## Task item
Copy the complete listing word for word, but do not carry over any images.

## Data block
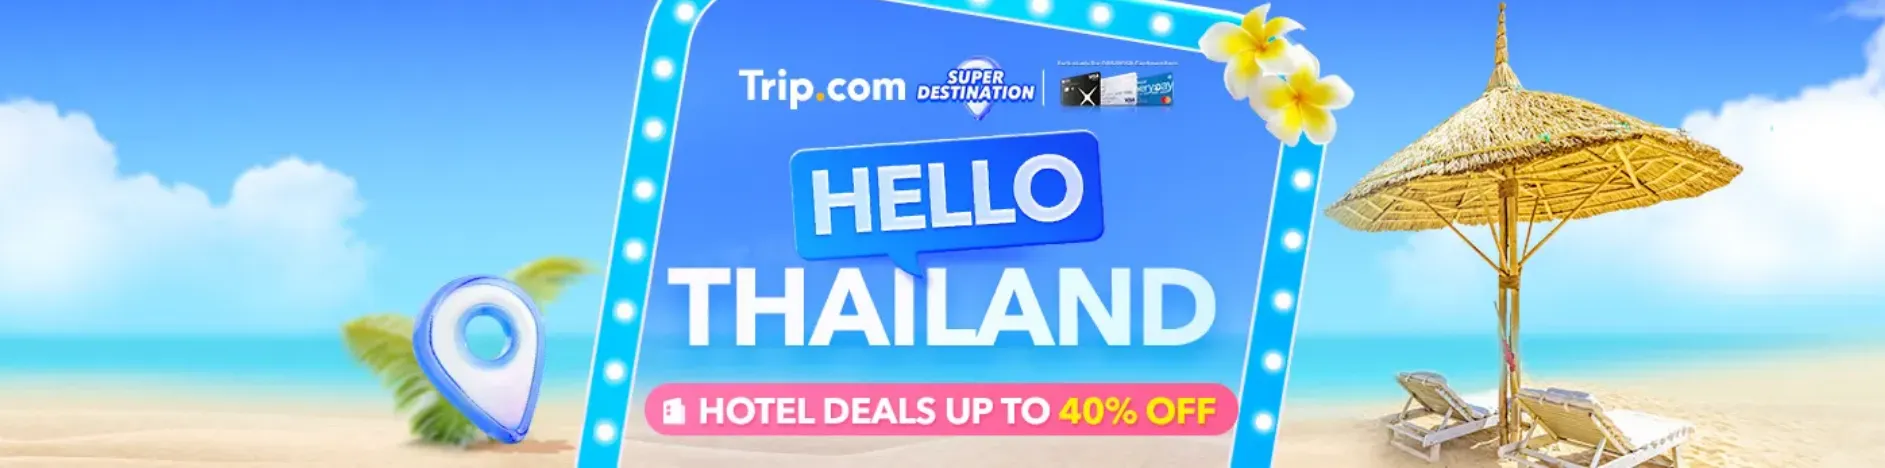 Trip.com Promo Code Singapore: Super Destination, Thailand
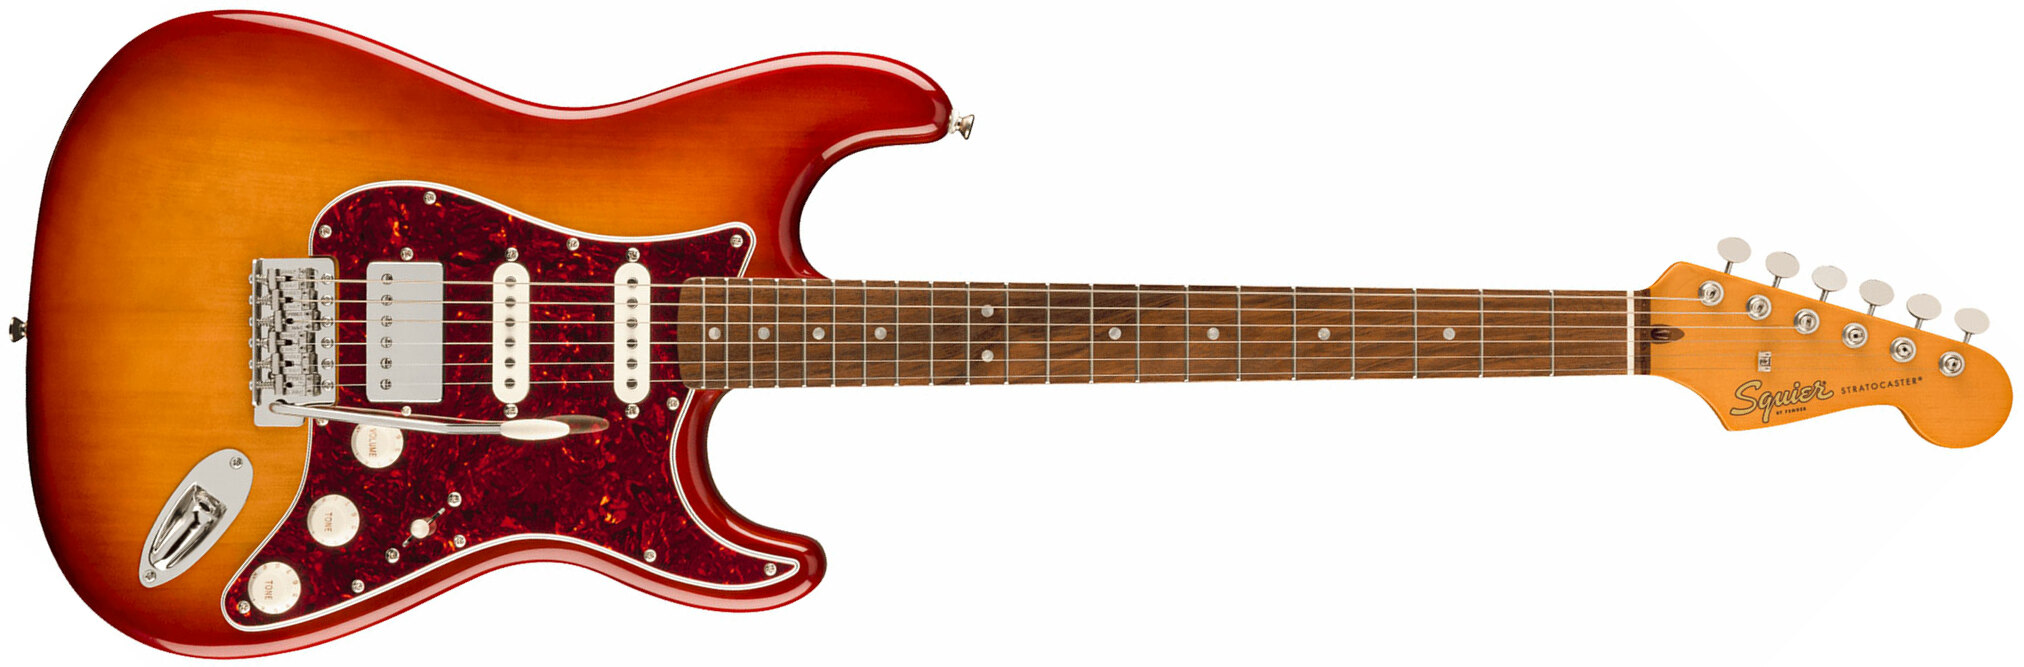 Squier Strat 60s Classic Vibe Ltd Hss Trem Lau - Sienna Sunburst - Str shape electric guitar - Main picture
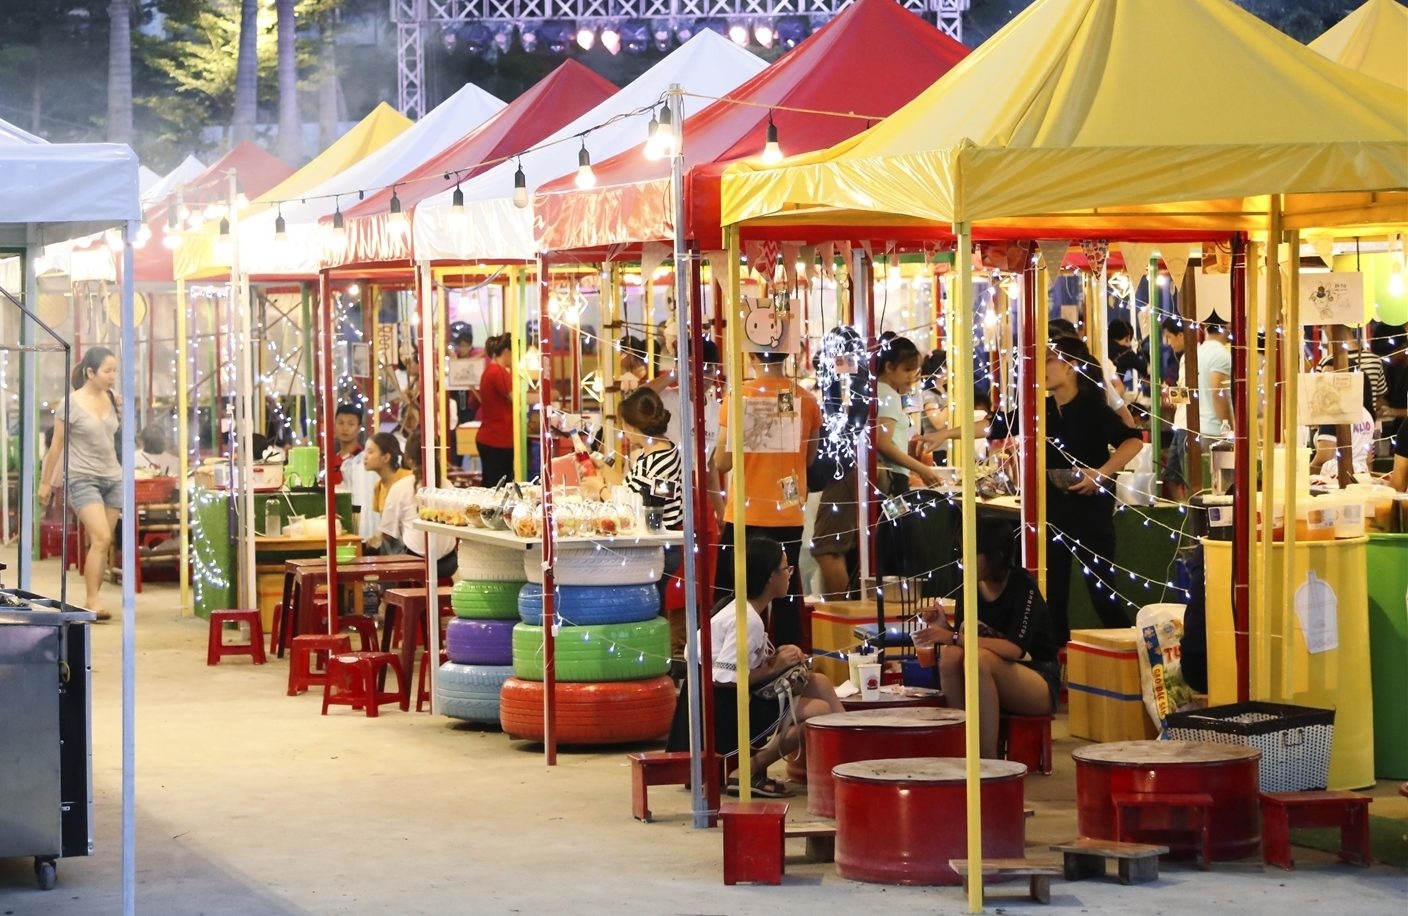 Tham gia chợ đêm Helio Đà Nẵng để tận hưởng cảm giác du lịch đặc biệt

## Result below
 Trip.com Promo Code Singapore: Super Destination, Thailand
 Squier Strat 60s Classic Vibe Ltd Hss Trem Lau - Sienna Sunburst - Str shape electric guitar - Main picture
 Tham gia chợ đêm Helio Đà Nẵng để tận hưởng cảm giác du lịch đặc biệt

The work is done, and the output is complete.